While this is a very good suggestion, it is certainly hindered by the fact that there is no comprehensive deep theme at the moment. E.g. the Brilliance themes are indeed well loaded with goodies, but they contain little in the way of coloring for OCaml constructs: nothing for modules, method calls, variant types, floating point numbers and operators, and so on -- these aren't even edge cases, they're core parts of the language, and I'm not sure their addition could be considered "tweaking". Now, I do 90% of my coding in OCaml, so this is what I've noticed, but I'd guess that there are other less-common languages in the bundles that are similarly unsupported by these deep themes.
This is, of course, fully understandible. If you don't code in OCaml, how the heck are you going to know what bits to add and highlight. That's why I haven't added anything for, say, HTML or CSS to any of my themes, because I touch a CSS file maybe four times a year. I wouldn't know what's missing in the theme...
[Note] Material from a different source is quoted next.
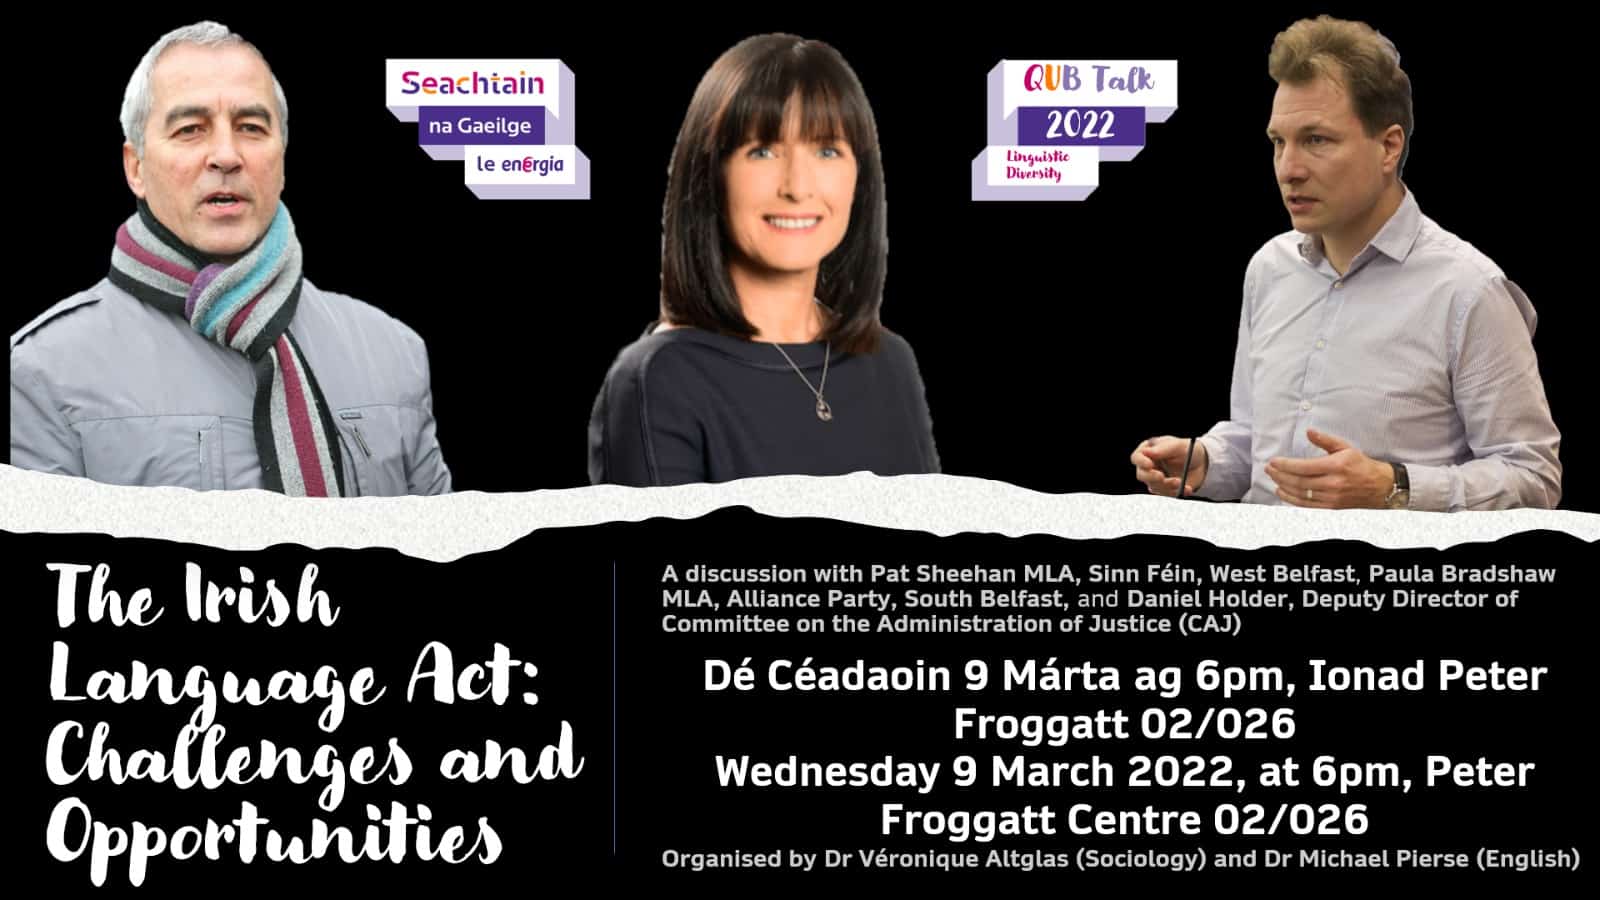 Irish Language Act: Challenges and Opportunities.

So, what am I saying here? I suppose it's that if this idea of starting with a deep theme and tweaking is to get off the ground, we should probably put together an actual deep theme that has better coverage. Or something along those lines. Now, I'd be happy to add my bits to some reference theme that the other, existing themes can be retrofitted to match. I'm just wondering what the best way to do this is -- should we use one of the Brilliance themes and add to it (a Brilliance Reference if you will)? Or is there a better way? Does anyone have any good suggestions here?
William D. Neumann
"There's just so many extra children, we could just feed the children to these tigers. We don't need them, we're not doing anything with them.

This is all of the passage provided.